CCTA East County Integrated Transit Study
Case Studies

CCTA East County Integrated Transit Study

Contra Costa County, CA

Increasing residential growth in Eastern Contra Costa County (East County) is quickly outpacing the growth of higher paying jobs in the region. As a result, many East County residents are bedroom commuters and super commuters to the Central County and Bay Area now suffering worsening peak period congestion and drive times along the SR-4 corridor. With cascading impacts on the quality of life for the area’s residents, employees, and visitors, this legacy auto-centric region requires a multi-faceted solution for changing transportation behavior.  

The Contra Costa Transportation Authority’s (CCTA) East County Integrated Transit Study (ECITS) developed a conceptual plan for delivering a fast, frequent, high capacity, zero-emission electric transit connection along the SR-4 corridor between the Antioch BART station and the proposed Brentwood Intermodal Transit Center at the Brentwood Innovation Center. The study evaluated the cost-effectiveness and viability of transit service alternatives to develop a near-term solution for implementation, with the ability to scale and evolve service to address the long-term mobility needs of East County.

The ECITS created an actionable set of near-term and long-term recommendations to implement high-capacity transit (HCT) that extends from Antioch Station farther into East County, with consideration of the near-term need for a competitive transit alternative to driving. A locally preferred alternative (LPA) was be identified that allows HCT service in the SR-4 corridor to grow and evolve with additional long-term investments.
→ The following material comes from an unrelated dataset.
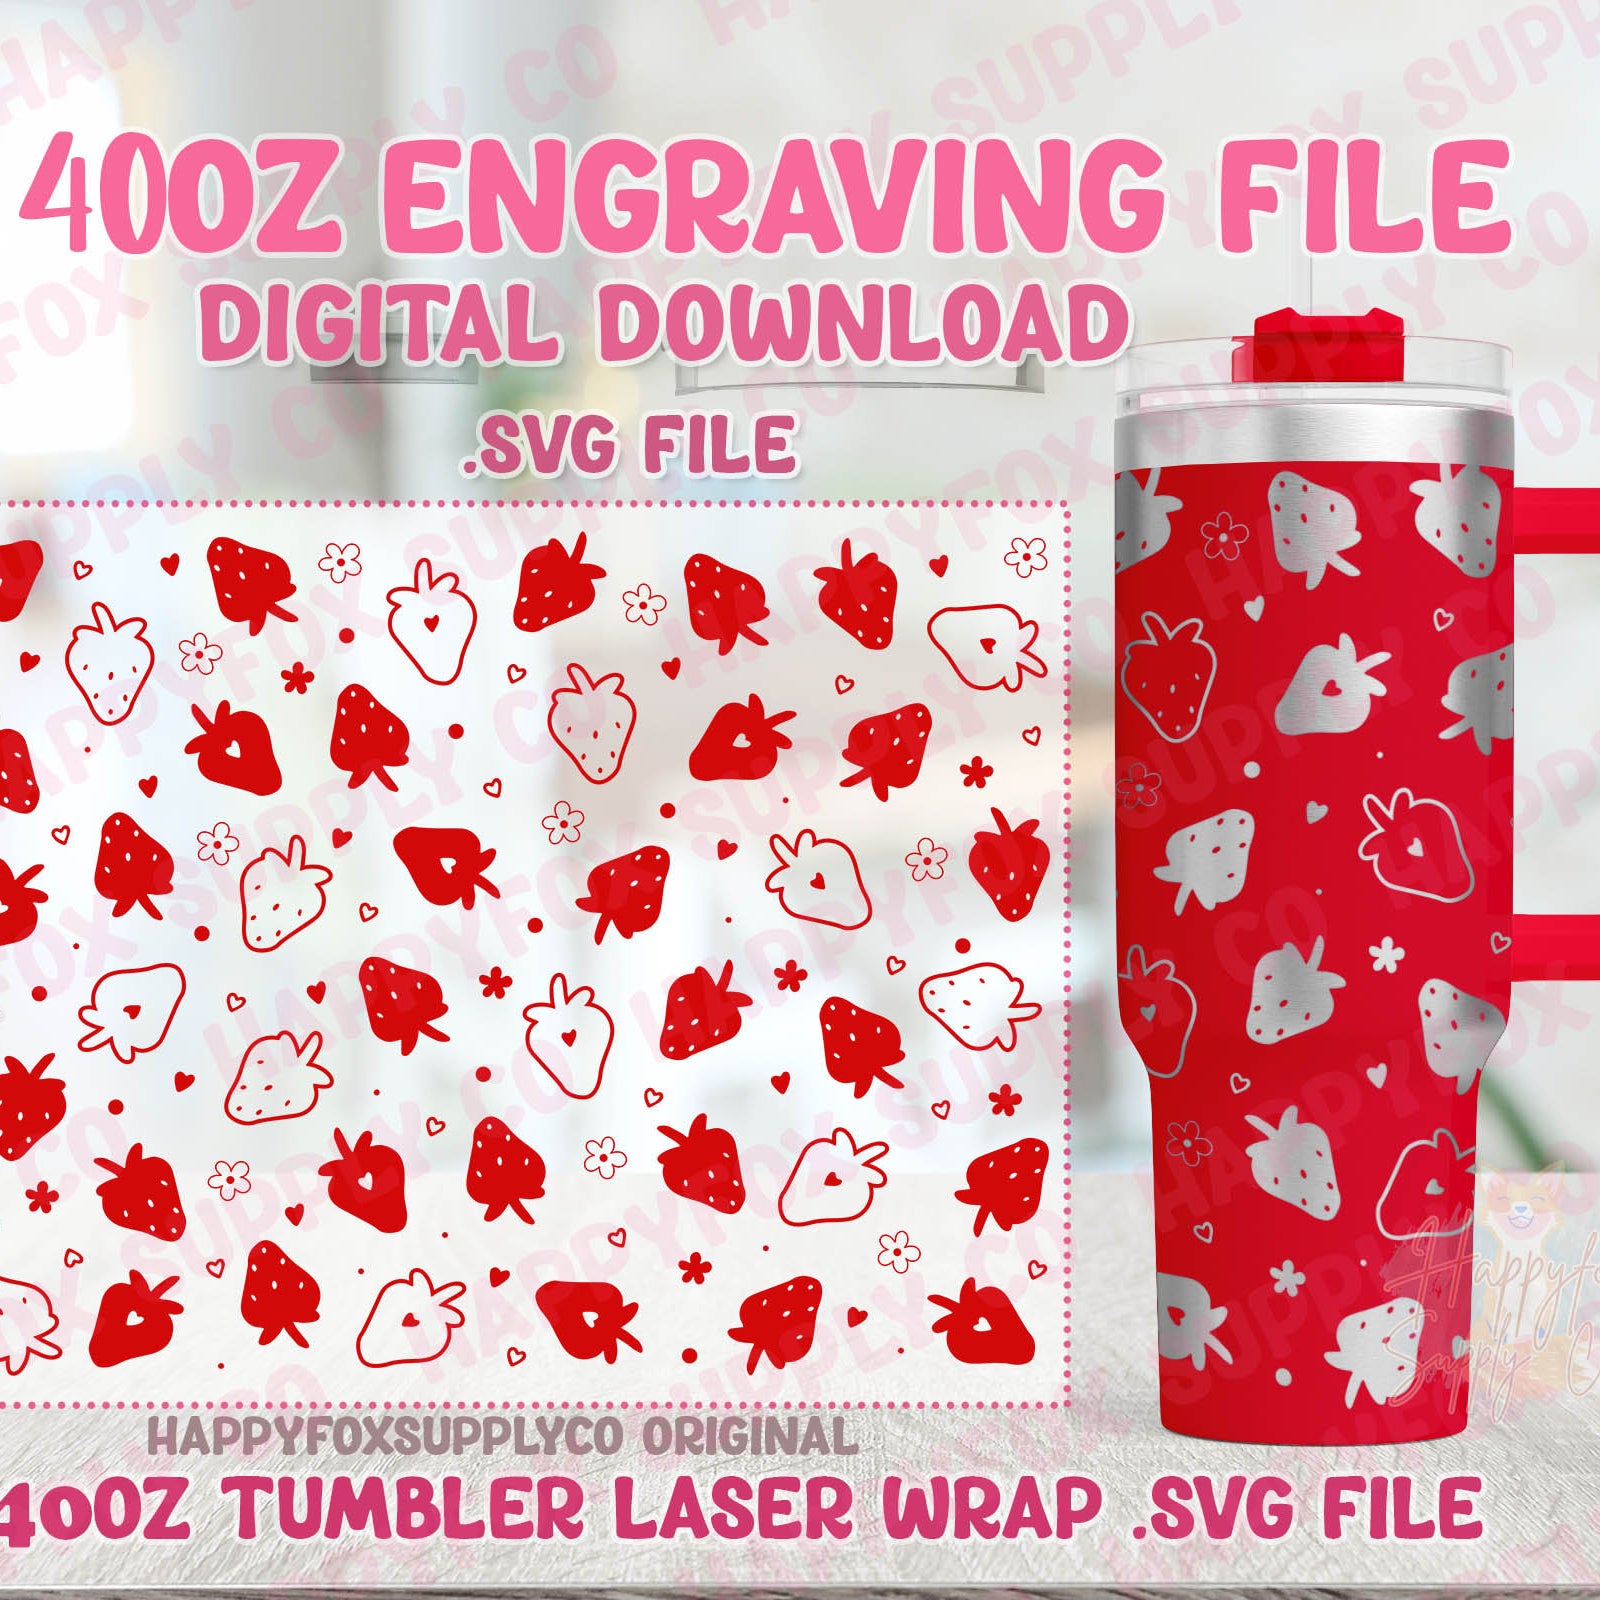 40oz Engraving .SVG File for Lasers Laser Engraved Tumbler Wrap Strawberries Flowers Retro Hearts Valentine Boho .SVG Tumbler Wrap

As the prime consultant, Nelson\Nygaard led the facilitation of advisory committees; public involvement; travel demand modeling; the development of alternatives such as service operating plans and conceptual design; establishing an evaluation framework; cost estimating; and implementation planning. The project culminated with the selection of an LPA that addresses local needs and project purposes, while also meeting the FTA’s project evaluation benchmarks. Central to these activities was evaluating the feasibility of converting a bus rapid transit guideway to a light rail guideway in the future when warranted by ridership demand and funding availability.